Tuesday, December 29, 2020

i am rocketing free

i am rocketing free from so many grips
it is proudly my day to rock and stand
no one can bend me much

where are the ushers security to restrain
my remaining jabs at beauty surrender
today i'm getting what i'm feeling

this moment is about just keeping going
in this or the opposite direction
it doesn't matter because i'm free
 
 
 
by Mike
"for Hoolie"

Thursday, December 24, 2020

Stabbing gyroscope

what a nifty little weapon
superior even to the double bullets connected to a chain 
which are meant to cut you in half
the stabbing gyroscope covets reality itself
and takes out its purpose 
and changes it to nothing
i punish the present moment with obliteration
there are no triggers only my deepest impulses
which are all fears
 
 
 
by Reptily
"Amen."

Tuesday, December 22, 2020

Opportunistic infection

Dr. Donna Thong and Peg whispered through the ancient stone glory hole of at least 9" in depth. It must once have been a Cuban prison. 

DR. THONG: I'm remembering Mike and the abdominal surgery I performed on him when I had my patio studio. 

PEG: That's after you were a Fanny-Girl temp out in Dead Beet Chank. 

DR. THONG: You know friends do continue to self-realize when you're not around. 

PEG: But you've always had emotions for Mike. Two swimmers in one pool or another. 

DR. THONG: He told me his intestines smelled like latex for months afterward. 

PEG: He sat up on the table fresh like a baby, glass bottles tinkling against the IV stand. 

DR. THONG: You remember the story like a song. 

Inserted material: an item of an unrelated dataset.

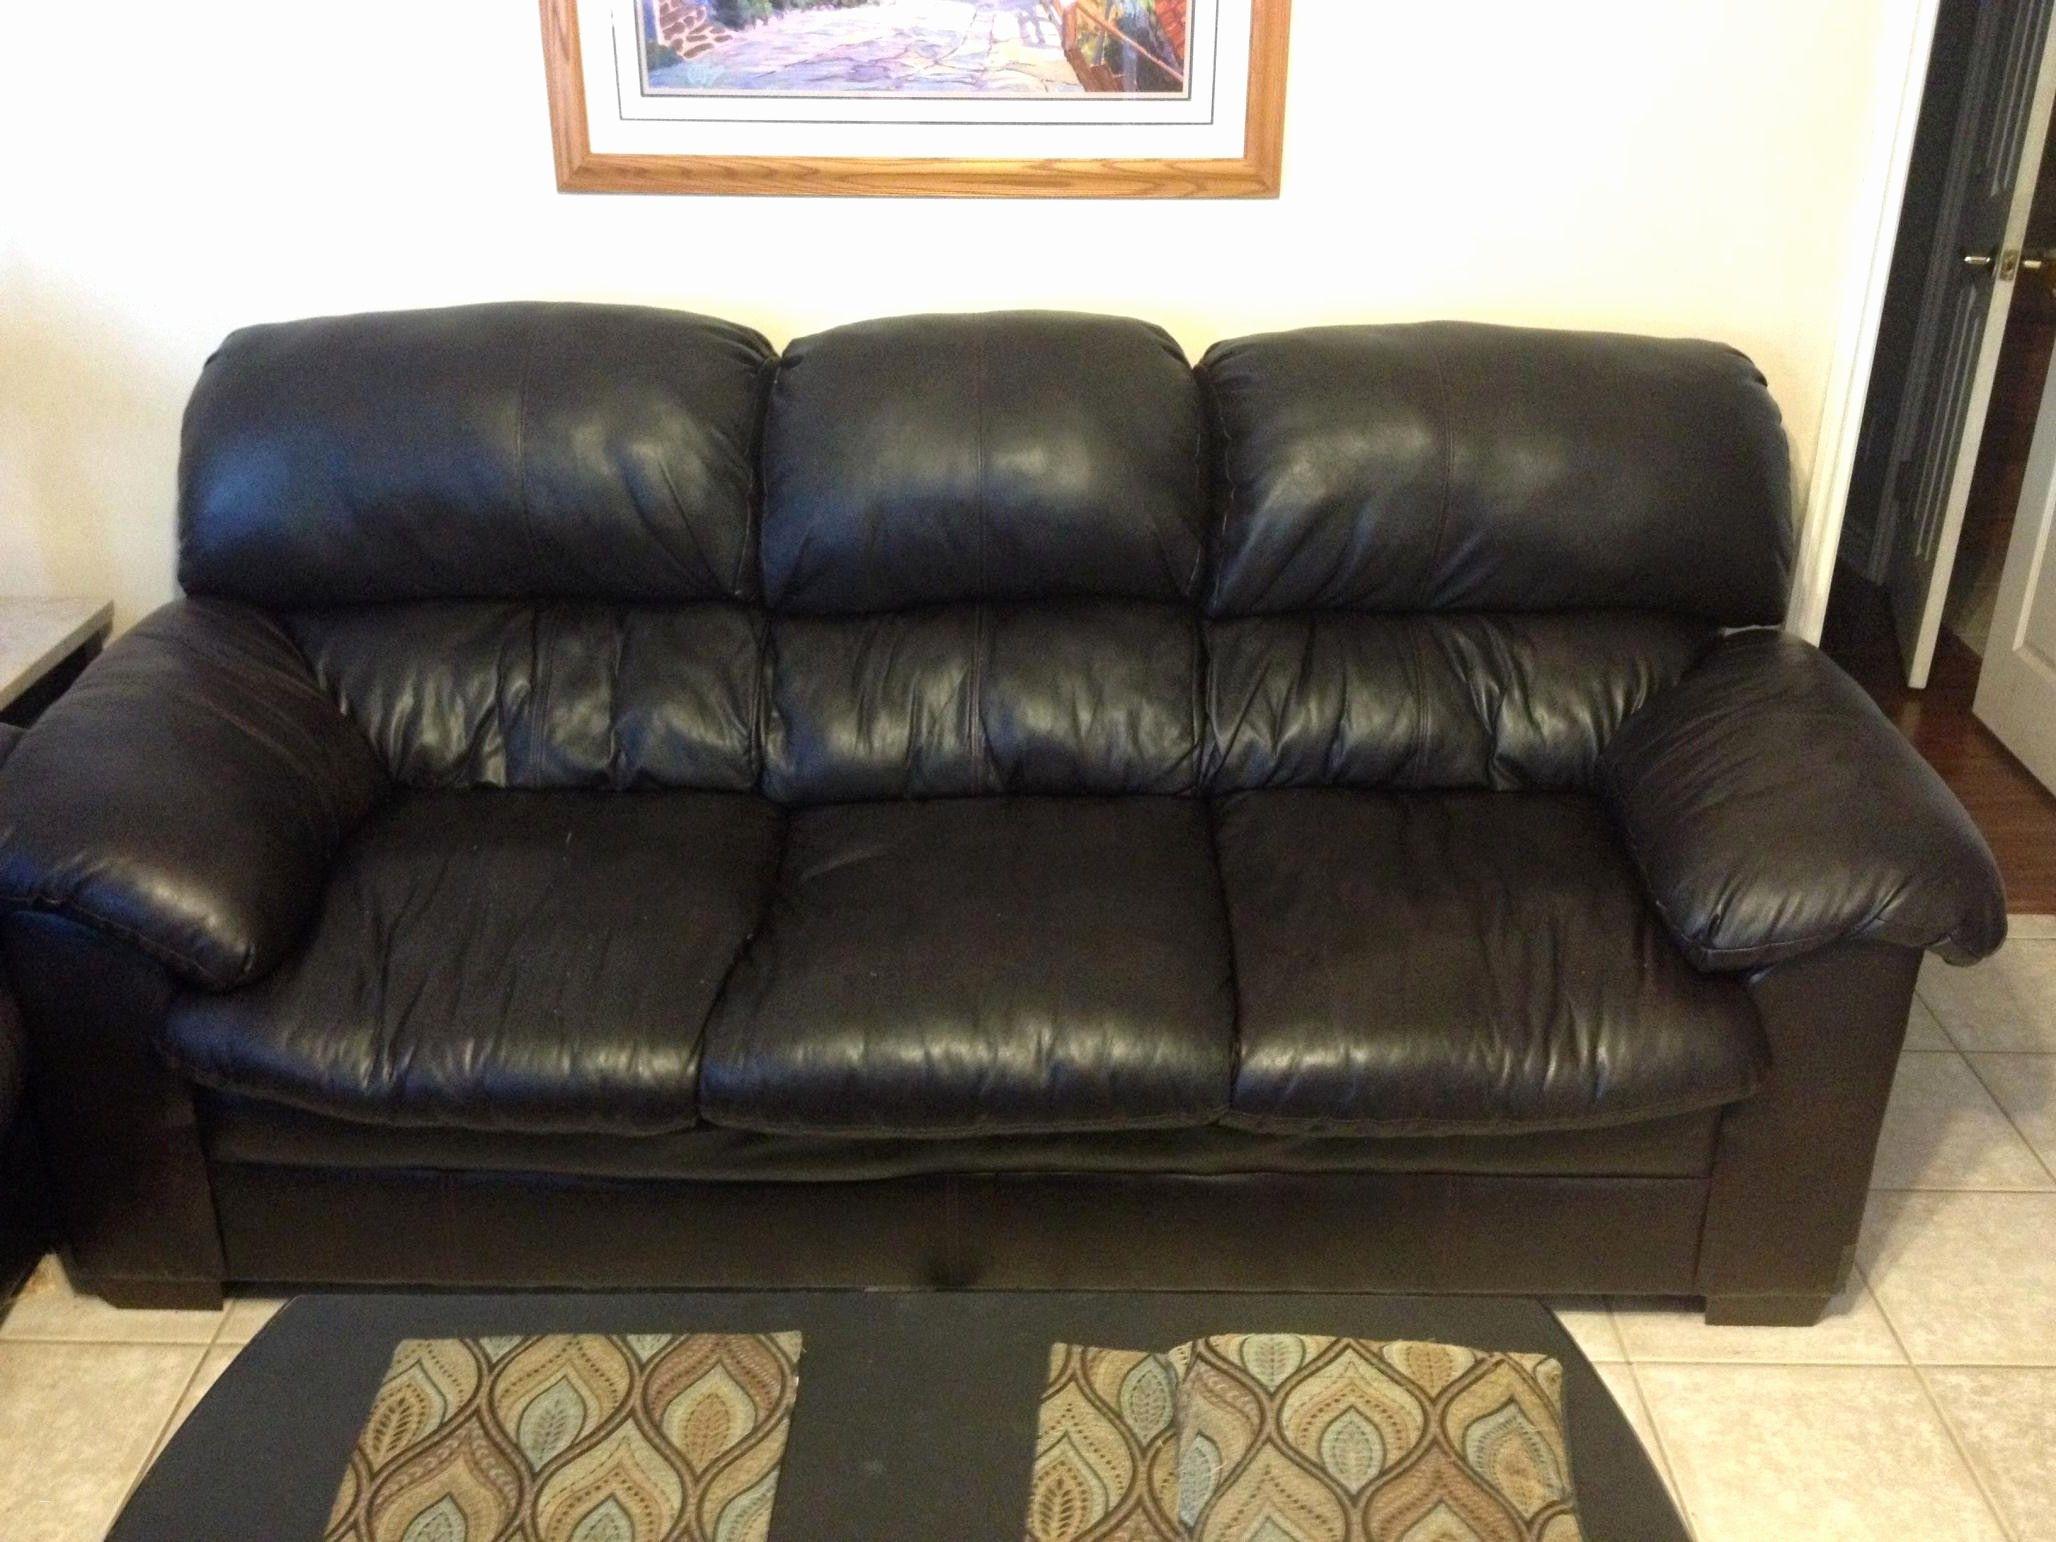 26 Best Of Billig Sectional Sofas Nashville Tn Sofa Design Couch Mobel Sofa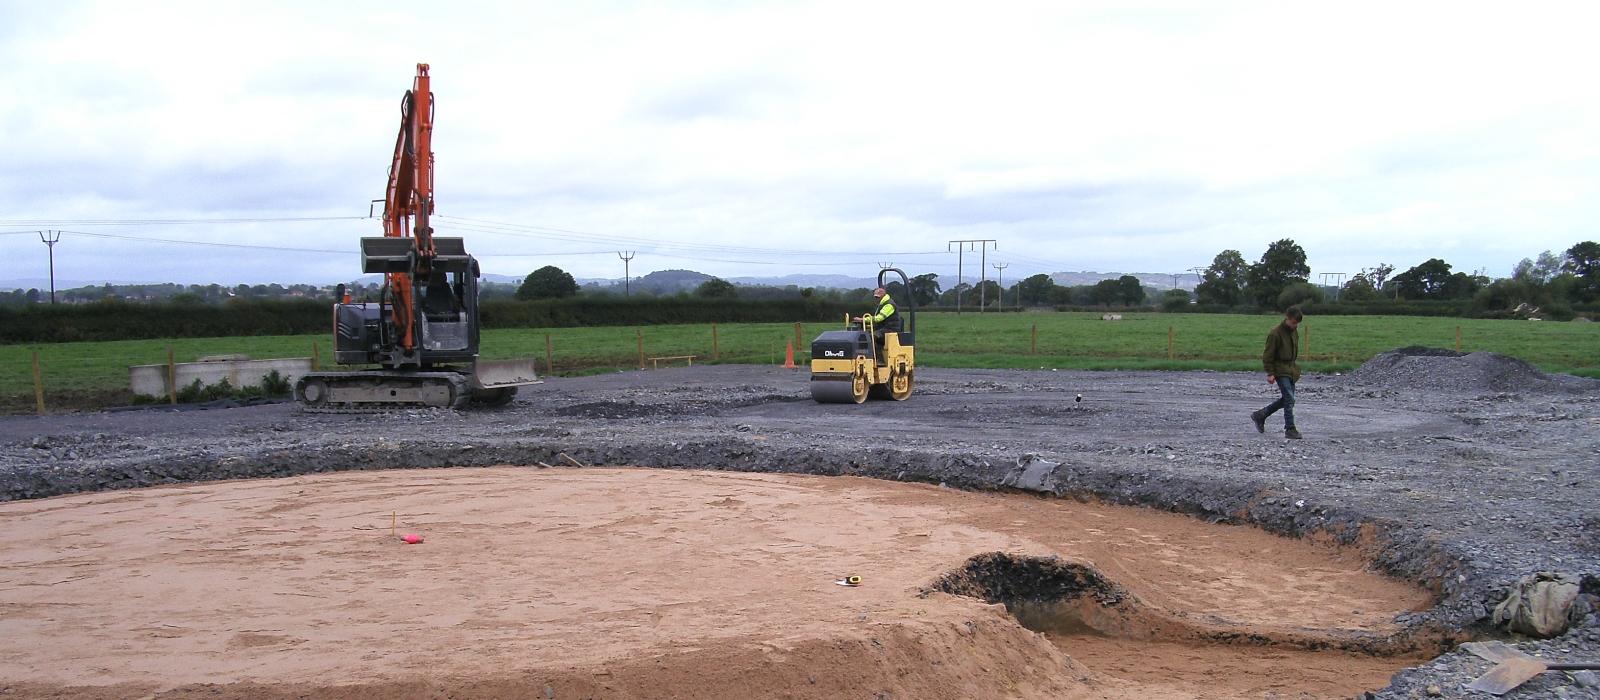 A Modern Excavator Flattening Land

PEG: The one that got away. But what of the others?

LAMENT OF THE OTHERS

by DONNA

it seemed as if they entered willingly

following their noses to my kitchen

i thought most necromancy to be weak

but the bottom of the pie was crispy

followed by stepping out of doors to neck

that first incision leading to the next

we woke among discarded vials of heparin

ecstatic still in the wane of hydrocodone

ready to renew our grunted oaths

until the next opportunistic infection. 


 


Sunday, December 13, 2020

I hope that my illness takes you hostage

I hope my illness takes you hostage
perhaps i could pay you back

For all the times the thriving version
stood in a more perfect path

I hope I make it difficult to 
turn away as I linger

Your shackles chains and branks are lashed to
my beatific fingers
 
I can still see you in the middle 
of a constricting circle

Your necks are craned and faces cluttered
with shadows of this miracle
 
 

by Ilyn
"Not long for Illinois."




Friday, December 11, 2020

without believing, expecting

agreeable moment sitting facing
feeling all of you in my screen

and even when i turn away
i see a safe place with warm 
 
lighting, bearing my things.
The less hope keeps distributing, 
 
it must be focusing, condensing
the opposite of kaleidoscoping;
 
i'm eating all the crazy dreams, 
sucking only what i need from my
 
intestines, short-sighting, all
without believing, expecting
 
 
 
By Jan Jr.

Tuesday, December 8, 2020

predators


i hate the middle-of-the-boat assholes, center-of-the-herd butts
but out here in the fringes, you are weak

what's with the arm twisters, the climbing-on-shoulders nuts?
you're alone with your righteousness, freak
 
brother, loner, impossible to figure, full tank, adjacent
we've lived the same life but we auto-fear, trigger happy

they are lifted by the tendrils of their fecund archetypes
they effortlessly grow virtue like a fingernail or polyp

we are in satellites, fire wagons, sinister life rafts needing 
not shedding weight
 
what about the sanctioned predators at the apex of the pack, 
smugly leaning back?



by Ilyn

Saturday, December 5, 2020

They have to mine the muscle memories

They have to mine the muscle memories or else they could leave us out entirely from the battlefields. The players' physical responses are only relevant insofar as their hand-eye coordination. The animation, the realness, comes from my own live-action experiences and instincts. I have to be at least partly paying attention for my own physical responses --even stomach acids are measured-- to kick in. At least the K's always win. I'd hate to experience death again. 
 
Some of the players I recall this guy Ken who viscera really seemed to match mine maybe from his generations of farming. He was shy to fight and almost made me switch into mate mode by wandering back toward the cliffs, some of the abandoned ones, when there were plenty of flakes to scoop up and showing off to do with simple evasions of their little sling-shot stones.